After being temporarily closed for eight months, Scratch Kitchen and Lounge, 7445 Madison St., Forest Park, is inching closer to slinging burgers and canned beers once again. An autumn reopening could happen as early as September and comes as a relief to Patrick O’Brien, chef-owner of Scratch Restaurant Group.
“This closure has felt like a dark cloud,” said O’Brien, “It has been way too long, but I am still pinching myself that we are close to reopening.”
O’Brien has been plagued by the kitchen staffing issues many restaurants are grappling with and has endured a long search for a competent cook to bring Scratch on Madison back to life. Though he is willing to pay up to $60,000 a year for an experienced cook it has proven difficult to find someone to lead his Forest Park kitchen.
In an effort to survive the pandemic, O’Brien permanently closed District Kitchen and Tap in Oak Park’s Harrison Street Arts District and temporarily closed the Madison Street location while keeping both Scratch on Lake, 733 Lake St. in Oak Park, and Lathrop House, 26 Lathrop in Forest Park, open for business.
O’Brien is quick to point out that a full restaurant doesn’t necessarily mean an establishment is profitable. Many factors are cutting into profit margins — labor costs have doubled and everything from cleaning supplies to ingredients have made comfortable margins a thing of the past. Supply chain issues are also an ongoing problem. O’Brien points out a case of potatoes has jumped from $21 to $48, and it is impossible to get certain ingredients, especially sriracha, into his restaurants.
“The cost of goods is up 10 to 15%, but I can’t charge any more for a burger than I already am,” said O’Brien who went in search of a creative solution to his problem.
With profit margins essentially “gone” because of supply, food and labor cost increases, Scratch Kitchen and Lounge will debut with what O’Brien has dubbed a “survivor menu.” The restaurant will offer a highly edited selection of classic Scratch creations. This back-to-basics approach maximizes ingredient usage, controls costs and gives Scratch Kitchen and Lounge the opportunity to expand its menu as business increases and staffing allows.

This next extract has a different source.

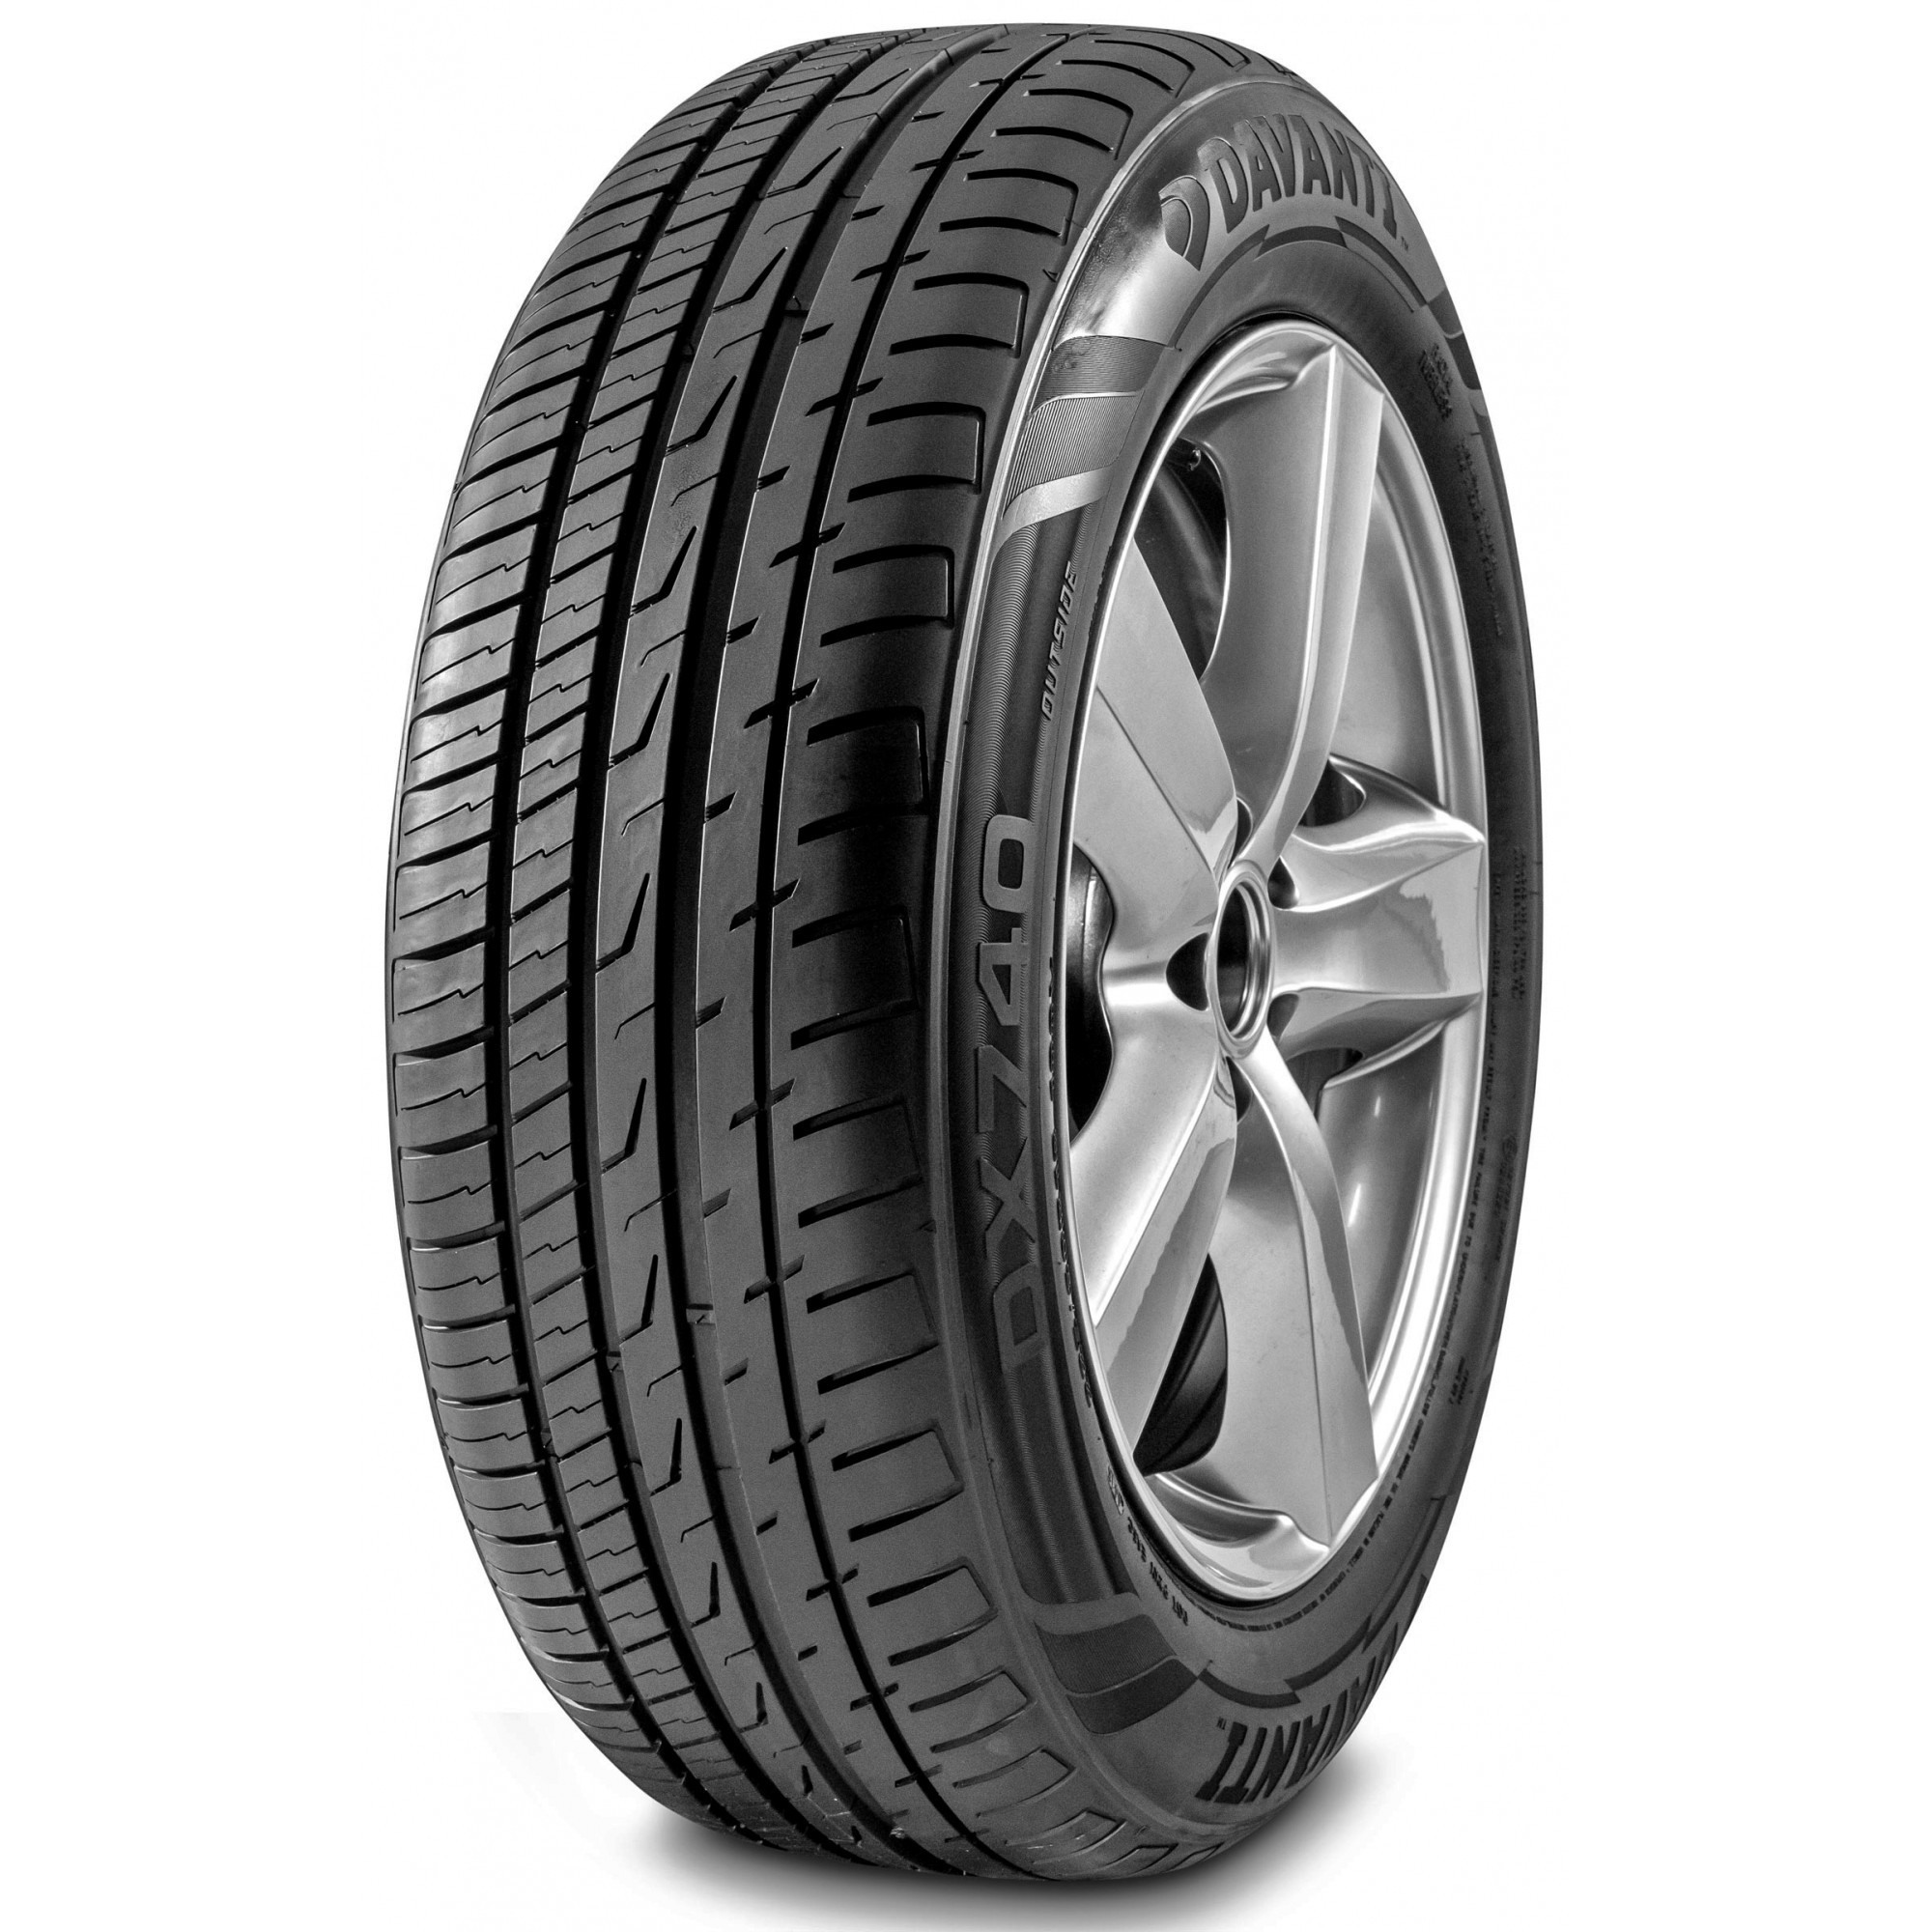 Davanti Tyres DX 740 (225/65R17 106V) - зображення 1

“Producing food at a break-even point or even close to break-even is a win right now and this menu keeps our ingredient list down,” said O’Brien. “Restaurants need to focus on getting through the next year. The survivors will make money.”
Embracing the philosophy that a restaurant should be known for doing a few things well, O’Brien is focusing his Madison Street restaurant on smash burgers. The “Scratch smash,” offered as a single or in double or triple stacks, will feature ¼ pound house-ground beef patties. Each patty is smashed and hard seared on a hot griddle before being topped with American cheese, pickles, and “smash sauce.” Optional toppings including bacon and a fried egg will allow for limited customization.
Limited specialty smash burgers, including a French Onion Smash and “chopped” smash sandwich, will join a few other offerings including a chicken cheesesteak, and fried bologna sandwich to round out the entrée offerings. Walking Takis, pickle fries, fried chicken legs and Italian beef eggrolls are also set to make an appearance on the Madison Street menu.
“This is a big pivot, but people who want the full Scratch menu can go to Lake Street or have us deliver,” said O’Brien. “This menu is me going back to my roots and will allow cooks to focus on doing the smash burgers the right way, so they get that perfect crust.”
O’Brien is also planning to have local live music draw guests to his Forest Park restaurant. He aims to host a DJ every Thursday and live bands on Friday and Saturday evenings. Though the restaurant will likely only be open from Wednesday through Sunday, he is hoping to attract industry workers by keeping the kitchen open until midnight.
“I don’t think there will be a line out the door, but there is a need for people to get a real meal late at night and nothing around here is open late,” said O’Brien. “We want to be that place where people can get a good meal after work.”
Though the ongoing challenge to find and retain kitchen staff for Scratch Kitchen and Lounge is a source of stress for the veteran restaurant owner, O’Brien is hopeful these creative solutions will serve him well as he makes good on his commitment to reopen his flagship restaurant in Forest Park.
“Ten years ago, this 40-seat restaurant, this little shop, gave me every opportunity to build the Scratch name,” said O’Brien. “Sure, I have closed restaurants in the past, but this place is my baby, and it needs to be here.”